#### Work instructions:
Please copy, exactly as they appear below, the lines from the one containing "Aura (169) - Colorxs Quatern Palette" through the one containing "杭州绿城开发高品质小区四居室两房朝南房屋出售".

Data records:
Segment Open

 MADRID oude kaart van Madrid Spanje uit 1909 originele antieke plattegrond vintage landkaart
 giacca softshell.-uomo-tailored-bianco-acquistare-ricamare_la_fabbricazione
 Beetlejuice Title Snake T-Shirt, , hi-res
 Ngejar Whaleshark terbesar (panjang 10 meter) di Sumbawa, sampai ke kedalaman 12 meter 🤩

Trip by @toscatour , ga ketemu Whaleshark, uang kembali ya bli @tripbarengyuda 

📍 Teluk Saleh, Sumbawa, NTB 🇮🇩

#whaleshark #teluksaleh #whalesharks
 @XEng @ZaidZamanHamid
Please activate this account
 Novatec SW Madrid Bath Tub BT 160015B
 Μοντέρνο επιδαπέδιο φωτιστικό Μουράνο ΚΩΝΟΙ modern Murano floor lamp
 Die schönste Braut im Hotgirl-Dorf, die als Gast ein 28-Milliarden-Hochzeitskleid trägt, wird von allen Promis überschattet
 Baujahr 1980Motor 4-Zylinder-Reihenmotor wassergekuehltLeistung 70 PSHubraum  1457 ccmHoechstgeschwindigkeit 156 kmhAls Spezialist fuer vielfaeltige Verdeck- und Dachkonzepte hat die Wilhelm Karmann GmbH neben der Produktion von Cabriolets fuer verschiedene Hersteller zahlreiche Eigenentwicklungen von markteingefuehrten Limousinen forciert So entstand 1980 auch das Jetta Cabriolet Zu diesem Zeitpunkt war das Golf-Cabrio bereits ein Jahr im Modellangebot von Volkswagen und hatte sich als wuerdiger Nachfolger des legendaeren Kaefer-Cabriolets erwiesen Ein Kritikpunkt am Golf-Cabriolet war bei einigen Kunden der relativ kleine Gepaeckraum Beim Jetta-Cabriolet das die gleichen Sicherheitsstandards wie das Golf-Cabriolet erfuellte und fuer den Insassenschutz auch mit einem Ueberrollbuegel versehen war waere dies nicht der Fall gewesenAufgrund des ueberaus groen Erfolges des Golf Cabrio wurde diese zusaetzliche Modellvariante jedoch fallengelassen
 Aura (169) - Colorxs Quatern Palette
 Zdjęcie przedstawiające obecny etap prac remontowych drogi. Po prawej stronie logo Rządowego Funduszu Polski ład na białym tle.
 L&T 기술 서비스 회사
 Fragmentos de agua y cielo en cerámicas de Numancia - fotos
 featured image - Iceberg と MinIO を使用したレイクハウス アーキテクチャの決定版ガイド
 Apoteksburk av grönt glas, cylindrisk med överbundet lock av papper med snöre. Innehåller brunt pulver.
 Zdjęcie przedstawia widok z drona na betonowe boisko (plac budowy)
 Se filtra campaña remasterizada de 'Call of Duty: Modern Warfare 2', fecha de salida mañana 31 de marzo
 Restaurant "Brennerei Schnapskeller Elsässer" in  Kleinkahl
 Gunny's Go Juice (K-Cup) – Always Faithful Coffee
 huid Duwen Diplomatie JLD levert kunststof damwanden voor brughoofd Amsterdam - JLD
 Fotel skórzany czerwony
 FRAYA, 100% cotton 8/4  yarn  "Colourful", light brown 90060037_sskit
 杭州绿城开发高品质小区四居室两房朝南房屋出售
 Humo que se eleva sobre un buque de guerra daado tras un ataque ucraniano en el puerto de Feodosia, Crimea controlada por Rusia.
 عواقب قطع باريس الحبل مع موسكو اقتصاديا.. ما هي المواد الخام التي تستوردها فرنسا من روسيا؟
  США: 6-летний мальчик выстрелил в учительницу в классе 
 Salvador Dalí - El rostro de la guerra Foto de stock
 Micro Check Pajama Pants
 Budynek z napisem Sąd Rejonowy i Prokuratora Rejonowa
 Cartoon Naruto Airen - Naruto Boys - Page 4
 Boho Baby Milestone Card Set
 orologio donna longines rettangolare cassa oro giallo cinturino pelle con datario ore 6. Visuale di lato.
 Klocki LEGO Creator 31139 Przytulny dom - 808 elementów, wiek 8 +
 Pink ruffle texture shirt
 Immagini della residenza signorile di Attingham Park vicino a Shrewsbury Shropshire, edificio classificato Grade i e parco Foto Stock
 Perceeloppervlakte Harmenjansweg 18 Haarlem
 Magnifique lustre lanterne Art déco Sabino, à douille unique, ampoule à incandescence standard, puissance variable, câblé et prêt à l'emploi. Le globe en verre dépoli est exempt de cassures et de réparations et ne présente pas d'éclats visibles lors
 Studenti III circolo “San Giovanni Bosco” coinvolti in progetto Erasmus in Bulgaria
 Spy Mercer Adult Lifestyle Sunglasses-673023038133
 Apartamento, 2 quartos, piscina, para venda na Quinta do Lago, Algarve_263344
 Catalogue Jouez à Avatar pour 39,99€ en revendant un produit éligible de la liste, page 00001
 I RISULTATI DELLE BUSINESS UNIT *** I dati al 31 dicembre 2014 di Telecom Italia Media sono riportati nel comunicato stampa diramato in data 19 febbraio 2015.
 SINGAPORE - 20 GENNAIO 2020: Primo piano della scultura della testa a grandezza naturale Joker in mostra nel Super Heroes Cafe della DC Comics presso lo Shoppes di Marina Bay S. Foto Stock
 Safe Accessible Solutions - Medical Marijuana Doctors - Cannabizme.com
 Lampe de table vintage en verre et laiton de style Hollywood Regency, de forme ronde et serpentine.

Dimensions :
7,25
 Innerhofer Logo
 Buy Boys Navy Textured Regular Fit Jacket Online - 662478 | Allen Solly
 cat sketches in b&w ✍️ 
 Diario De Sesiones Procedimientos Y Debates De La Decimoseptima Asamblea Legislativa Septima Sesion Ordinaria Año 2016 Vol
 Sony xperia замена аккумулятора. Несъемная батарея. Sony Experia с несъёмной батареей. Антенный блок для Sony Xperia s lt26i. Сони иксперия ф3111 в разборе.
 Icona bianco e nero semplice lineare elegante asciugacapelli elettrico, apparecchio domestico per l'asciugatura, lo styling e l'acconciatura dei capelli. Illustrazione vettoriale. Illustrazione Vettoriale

Segment Closed

#### The completed task:
 Aura (169) - Colorxs Quatern Palette
 Zdjęcie przedstawiające obecny etap prac remontowych drogi. Po prawej stronie logo Rządowego Funduszu Polski ład na białym tle.
 L&T 기술 서비스 회사
 Fragmentos de agua y cielo en cerámicas de Numancia - fotos
 featured image - Iceberg と MinIO を使用したレイクハウス アーキテクチャの決定版ガイド
 Apoteksburk av grönt glas, cylindrisk med överbundet lock av papper med snöre. Innehåller brunt pulver.
 Zdjęcie przedstawia widok z drona na betonowe boisko (plac budowy)
 Se filtra campaña remasterizada de 'Call of Duty: Modern Warfare 2', fecha de salida mañana 31 de marzo
 Restaurant "Brennerei Schnapskeller Elsässer" in  Kleinkahl
 Gunny's Go Juice (K-Cup) – Always Faithful Coffee
 huid Duwen Diplomatie JLD levert kunststof damwanden voor brughoofd Amsterdam - JLD
 Fotel skórzany czerwony
 FRAYA, 100% cotton 8/4  yarn  "Colourful", light brown 90060037_sskit
 杭州绿城开发高品质小区四居室两房朝南房屋出售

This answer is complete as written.